The Russian grunted, and Tate glanced at him just in time to see the man sling a vase at him. It slammed against Tate’s hard head, shattered, and Tate went down, the room spinning.

Get up. Get… up.

And oddly, it wasn’t Glo or even Knox or even some key figure from his past in his head—his deceased father or Major Jaster, his Ranger instructor—but the random, misplaced voice of a twelve-year-old.

What was Jammas doing, rising from the dead now?

Get up!

For a second, Tate was back in Afghanistan, sand in his eyes, choking on smoke, Jammas’s hands tugging on his body armor.

Get up!

He staggered to his feet just as a lamp crashed down in his shadow. But Slava was off-balance, and Tate kicked him, sent the man spinning.

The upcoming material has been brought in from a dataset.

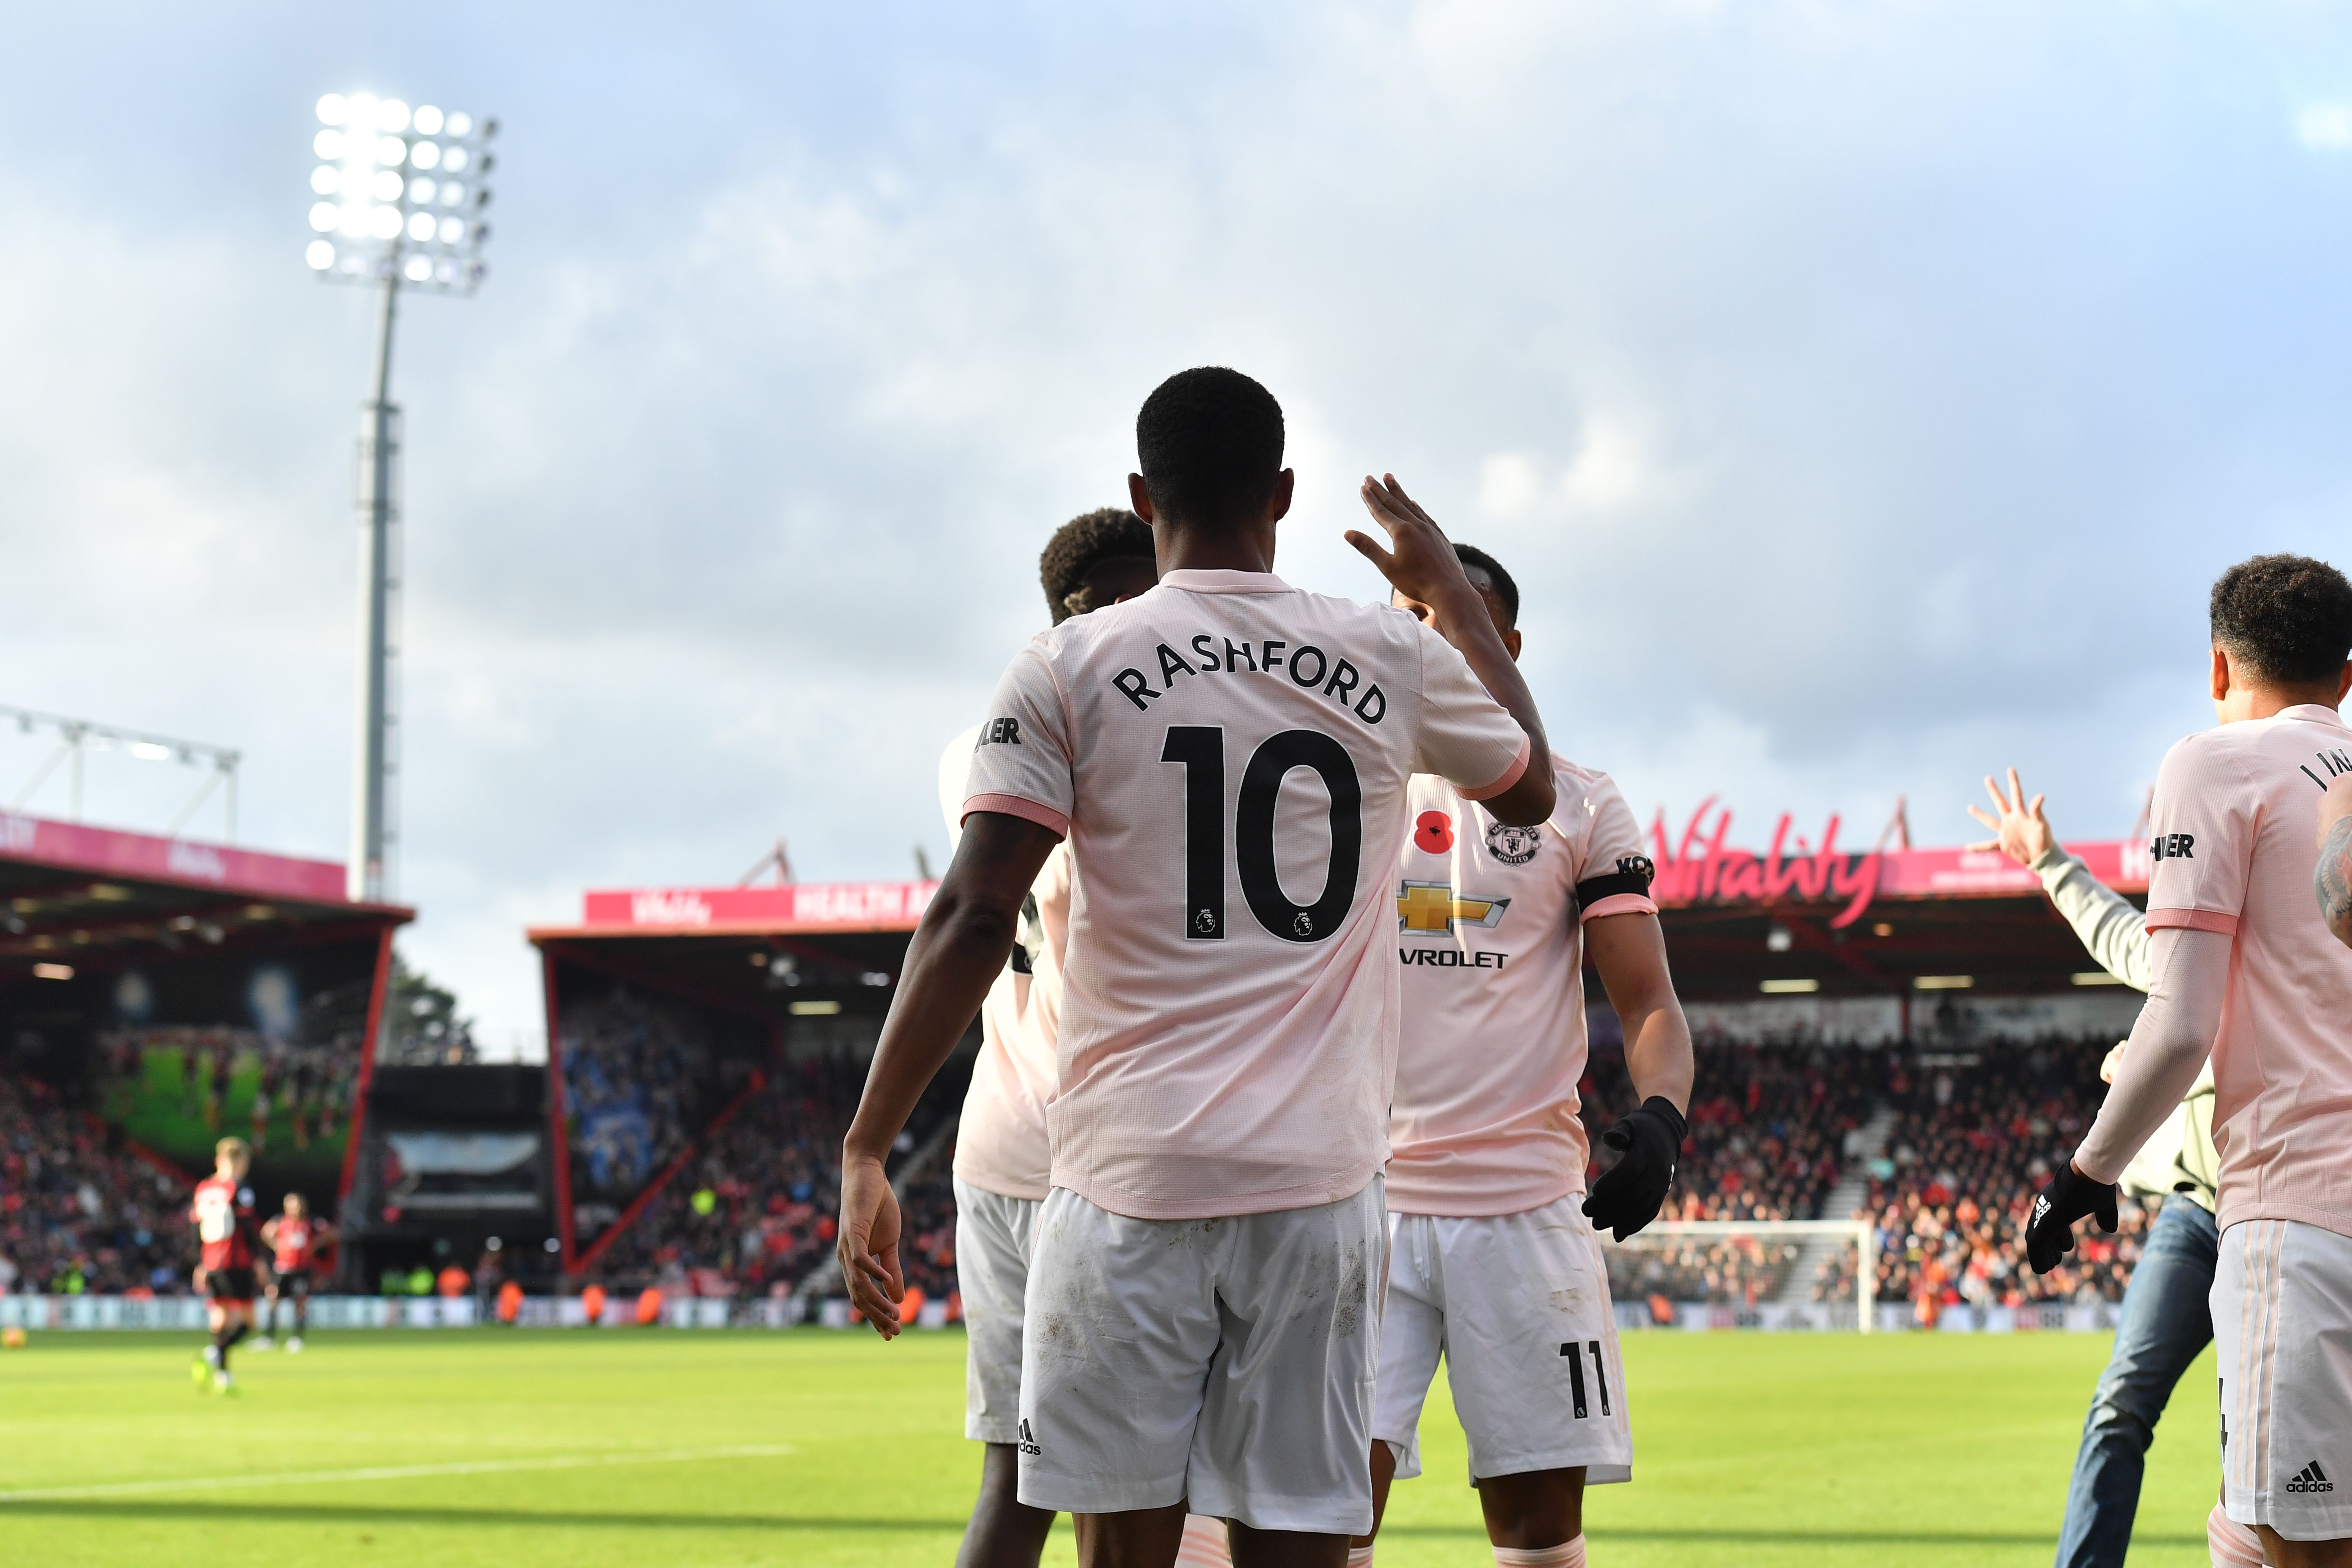 Manchester United's English striker Marcus Rashford (C) celebrates scoring his team's second goal during the English Premier League football match between Bournemouth and Manchester United at the Vitality Stadium in Bournemouth, southern England on November 3, 2018. (Photo by Ben STANSALL / AFP) / RESTRICTED TO EDITORIAL USE. No use with unauthorized audio, video, data, fixture lists, club/league logos or 'live' services. Online in-match use limited to 120 images. An additional 40 images may be used in extra time. No video emulation. Social media in-match use limited to 120 images. An additional 40 images may be used in extra time. No use in betting publications, games or single club/league/player publications. /         (Photo credit should read BEN STANSALL/AFP/Getty Images)

He might not win this. The thought cycled through Tate even as he lunged for his gun. The chair toppled over, and the holster went spinning across the floor. Tate went after it, but Slava grabbed his shirt and hauled him up, shoving him against the bar.

Slava’s bearish two-handed grip clamped around Tate’s neck, a hint of vodka on his breath as he leaned close to Tate. “In the end, she cursed your name.”

Yeah, well, he did too…too often.

Tate ducked his chin and grabbed Slava’s elbows, bearing down to dislodge the grip, his air trickling down to a sip. He hammered his fist into the big man’s ribs, but Slava was a bull, unmoving.

Tate’s vision turned gray, splotchy.

Sweet Glo’s voice found his ears, the vision of her onstage flashing behind his eyes. Dressed in black, her dress short to show off those amazing legs, her eyes closed, the lights turning her hair a white-gold. So breathtaking, his heart had nearly stopped in his chest.